For decades we have put feelings on the backburners and have managed to do well without them. We almost accepted abusive bosses and foul-mouthed colleagues. Sometimes in our helplessness, we jibed about them as we did about bad marriages. Offices became a synonym for hell and bosses became their Satan. Then came the millennial 180-degree turn. Call it a rebound of our touchy-feely sense or greater availability of options, we now shun our previous ways. Happiness and peace once again rise in our priority list and we are paying utmost heed to them, sometimes more than our pockets.

All said and done, it isn’t easy for managers. To be frank who really wants to indulge in intangible, mushy, inconsistent and obscure issues especially with those deadlines and target swords hanging on their necks? Leaders often cringe while talking about feelings. But people are driven by their feelings and unless you influence how they feel, you wouldn’t be able to engage them.

The good news is, we have begun to understand this and are also working toward it. The bad ¾ They are still intangible, mushy, inconsistent and obscure. But little concern paves way for great rewards. Studies show that companies that succeed in engaging employees: outperform the ones that don’t by 202%(Tomas Kolafa, n.d); reduce the turnover rate to 14% from 48% (Christine Mikhail, 2016) in non-engaged organizations; increase operating income by 19% (PDR, 2016); increase earnings growth by 28%.

Talk about a choice of building a great organizational culture. We have none. Unhappy employees these days can shed a poor employer like dead snakeskin. You’ve got to nourish the life in them for them to stick around longer.

So what drives organizational culture?

Company culture is a qualitative measure. Quantitative monetary rewards will only introduce the employee to the organization. A mere handshake. Beyond this ‘a sense of belonging’ will be required. Heads seek refuge, hearts go for wars. Here’s how you as an employer can build a solid army, invested in its heart, ready to wage an undefeatable war for you:

  • Invest time and energy on your employees. Know them personally.
  • Regularly communicate with employees. Bring up your organization’s vision, mission and values and their role in them. Organizations that have been able to successfully communicate with their employees have seen 750% (Shawn Overcast, 2015) growth in their profits.
  • Introduce an apt mix of monetary and non-monetary incentives. Monetary incentives may include company ownership, annual bonus, performance incentives, vacation pay commission structure, etc. Non-monetary rewards may cover skill training, parties, snacks, gifts, team building activities, entertainment or sports outings.
  • Hire the right fit. One who is not only technically but behaviorally fit for your organization.
  • Encourage and empower employees to take up leadership roles and suggest new ideas. Give them opportunities to learn and improve. Support their individual goals.
  • Ask questions and listen to their responses. Provide feedback when necessary.
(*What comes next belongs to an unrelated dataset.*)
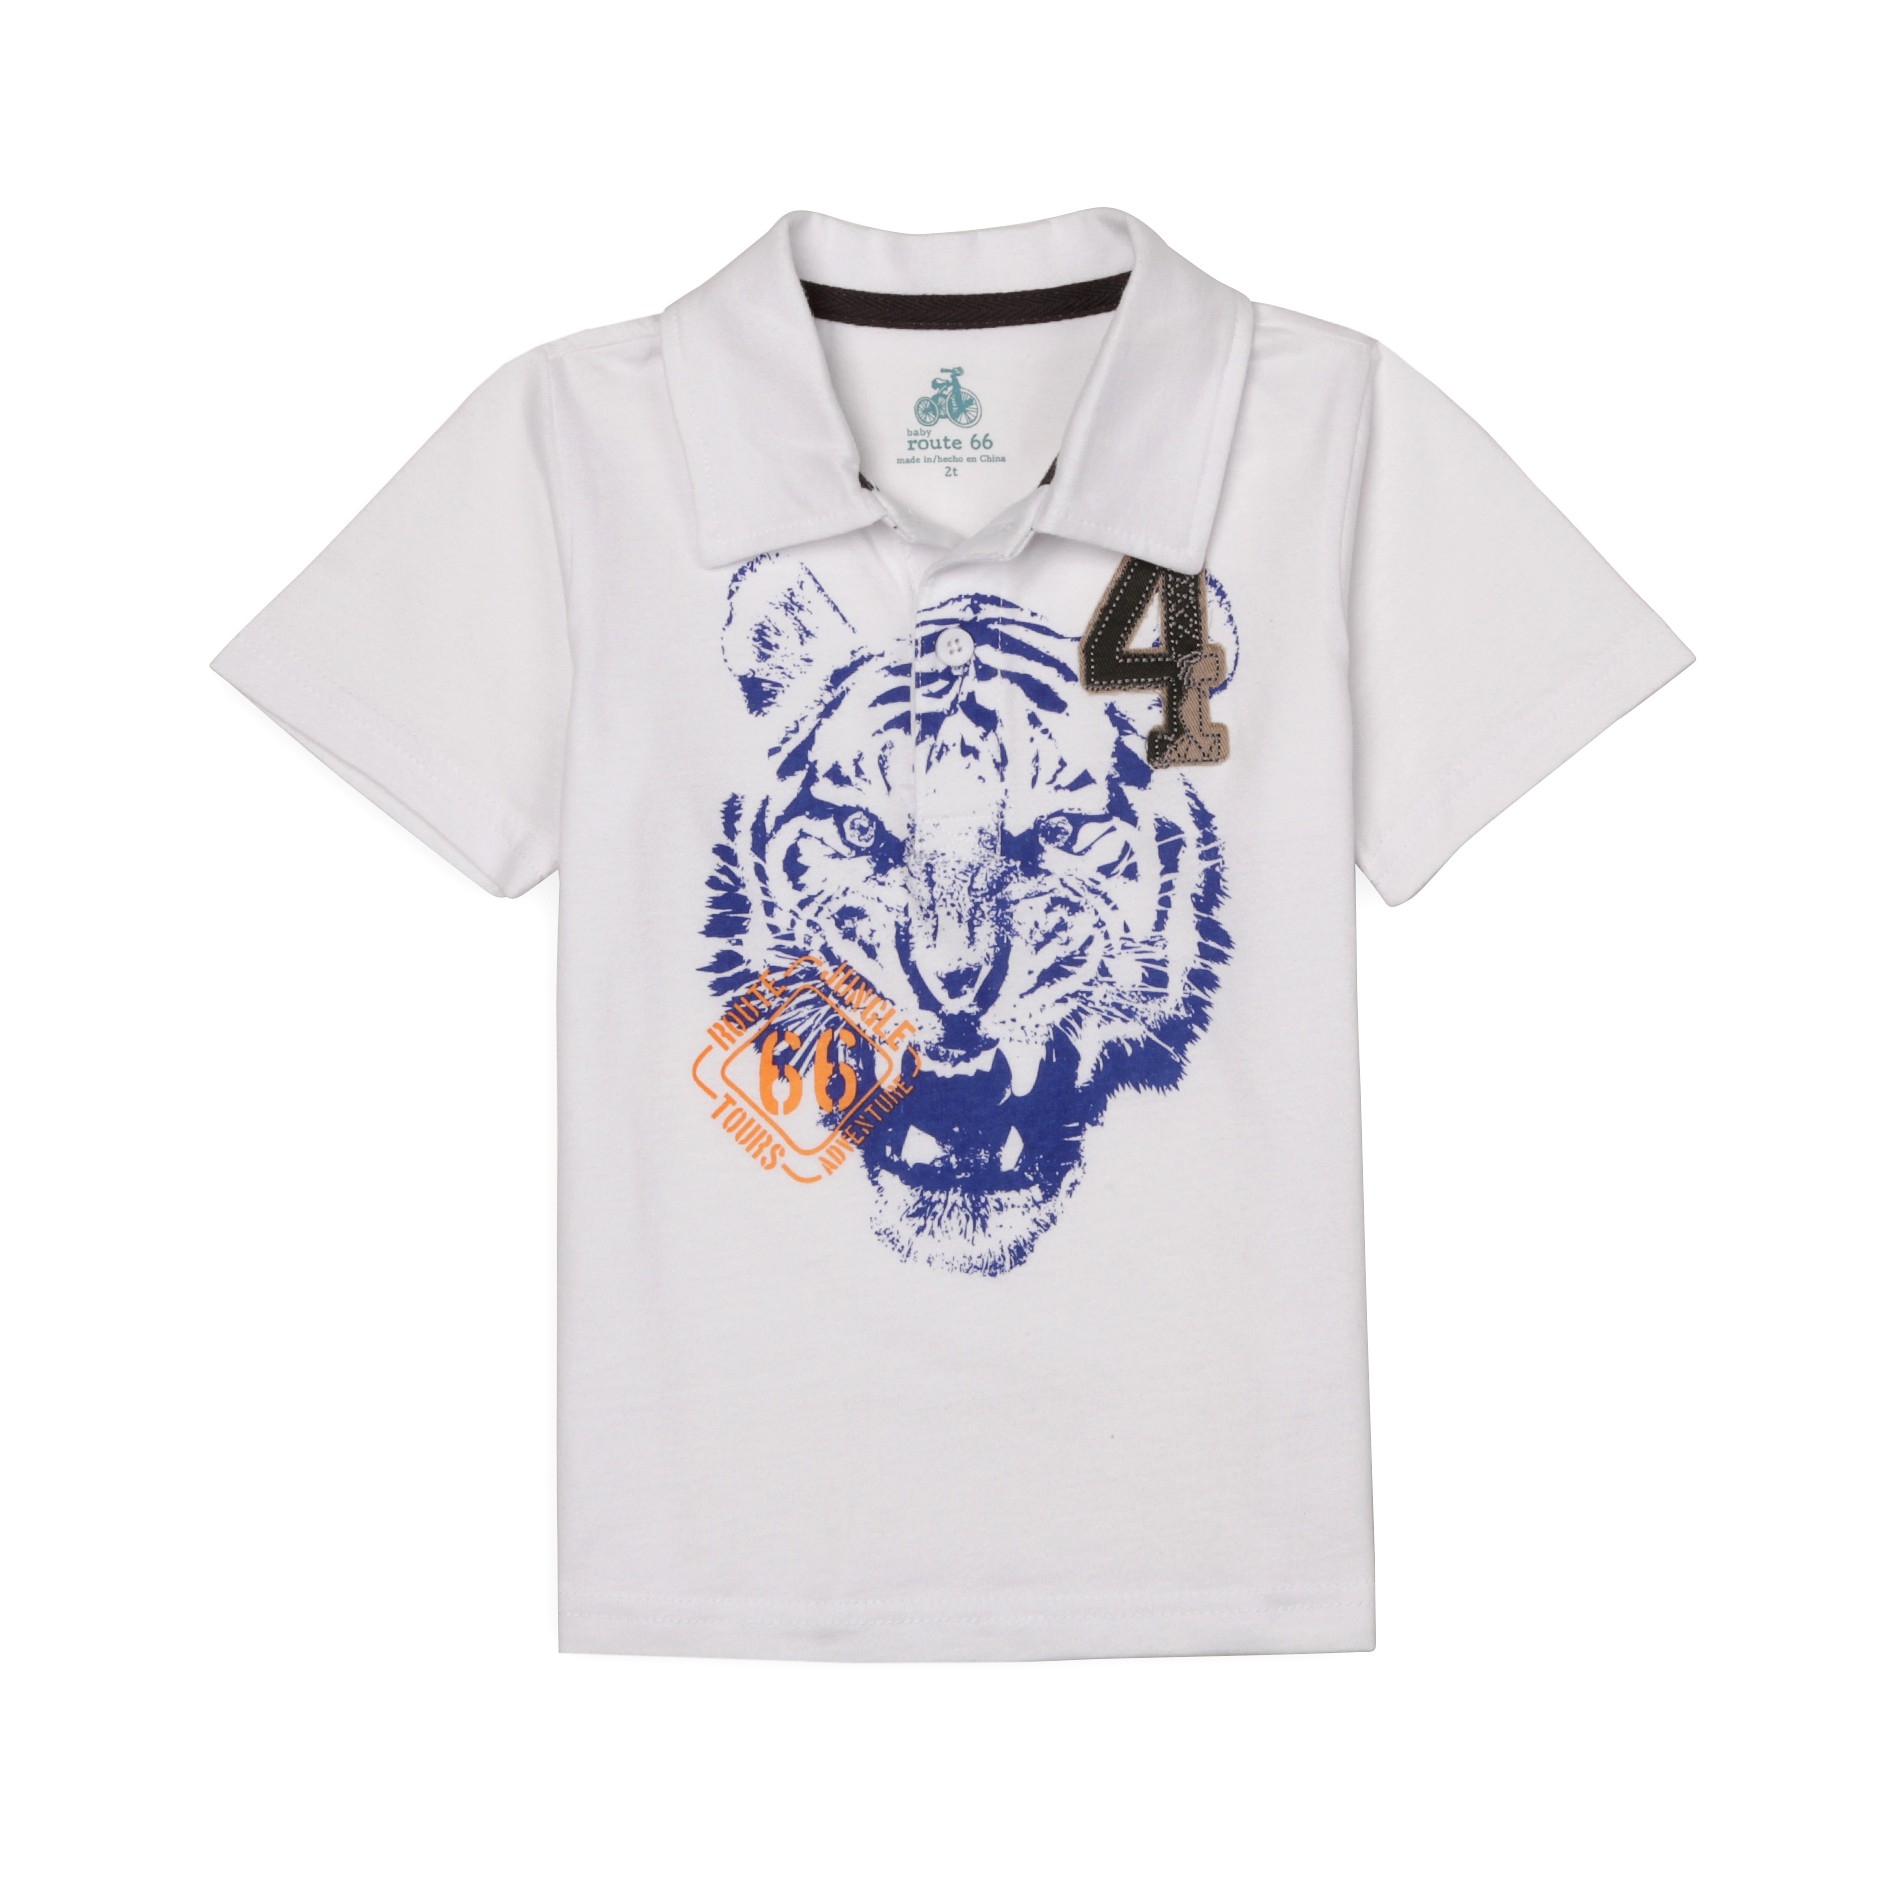 Toddler Boy's Graphic Polo Shirt - Tiger

Do you know if you have a healthy organizational culture? Here are the signs to look for. Take a deep breath and put a hand on your heart and ask yourself:

  • Do the best-qualified applicants want to join you?
  • Are your employees invested in improving themselves?
  • Do your employees know what your organization stands for?
  • Do they stay?
  • Do they speak up and resolve their differences without bitterness?
  • Do they avoid gossip, backbiting or favoritism?
  • Do they feel trusted?
  • Are you are making solid profits?

Yes? You are doing great. Keep moving forward.